Over the next three years 180 vehicles will be added to the fleet and two thirds of existing ScotRail trains will be refurbished by 2018. More than 17,000 at-seat power points will be installed and 346 more trains will be equipped with passenger Wi-Fi.

From autumn 2017 new Hitachi class 385 EMUs will be introduced on the newly-electrified Edinburgh - Falkirk High - Glasgow Queen Street line and the entire fleet of 46 three-car and 24 four-car sets will enter service by December 2018. The trains will also be deployed on six other routes, including:

  • Edinburgh Waverley – Dunblane/Alloa
  • Glasgow Queen Street – Dunblane/Alloa
  • Glasgow Queen Street – Cumbernauld/Falkirk Grahamston
  • Edinburgh Waverley – North Berwick/Dunbar/Berwick
  • Edinburgh Waverley – Glasgow Central, and
  • Glasgow Central – Newton/Neilston/Cathcart Circle.

From autumn 2017, 27 High Speed Trains (HSTs) formed of two power cars and four or five intermediate trailers will replace class 170 DMUs on services from Edinburgh and Glasgow to Aberdeen and Inverness, as well as on the Aberdeen - Inverness line. ScotRail says this will increase seating capacity on internal long-distance services by an average of 36%.
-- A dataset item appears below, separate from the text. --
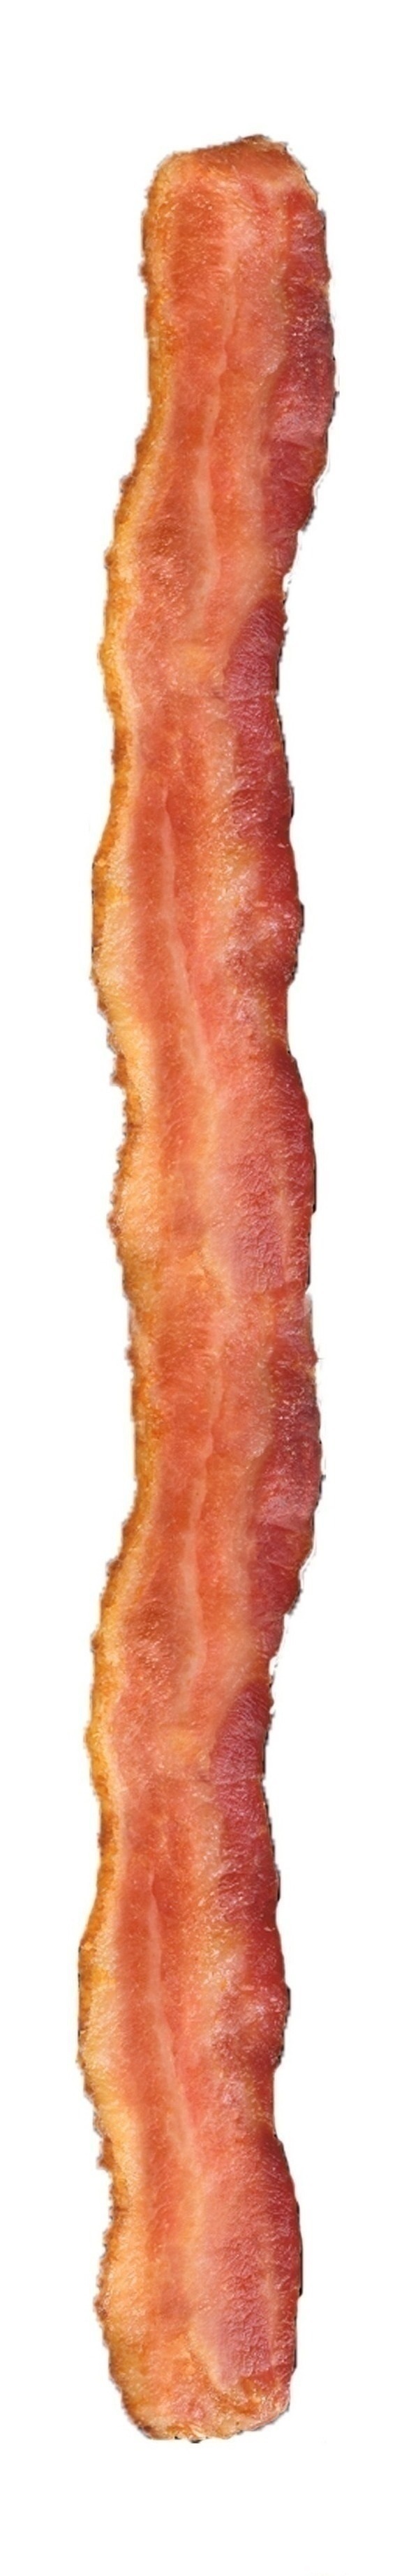 Bacon Strips crewneck

All 21 of ScotRail's three-car class 318 EMUs are being refurbished with wheelchair spaces, at-seat power sockets, passenger Wi-Fi, cycle storage, CCTV, and accessible toilets to comply with Rail Vehicle Accessibility Regulations 2010 (RVAR), which come into effect in 2020. The fleet will be used on suburban services in the Glasgow area.

By August 2016 the fleet of 22 three-car class 320 EMUs will be supplemented by seven additional trains, which will be converted from almost-identical class 321 trains transferred from England. These trains will be upgraded by owner Eversholt Rail to the same standard as ScotRail's existing refurbished class 320s.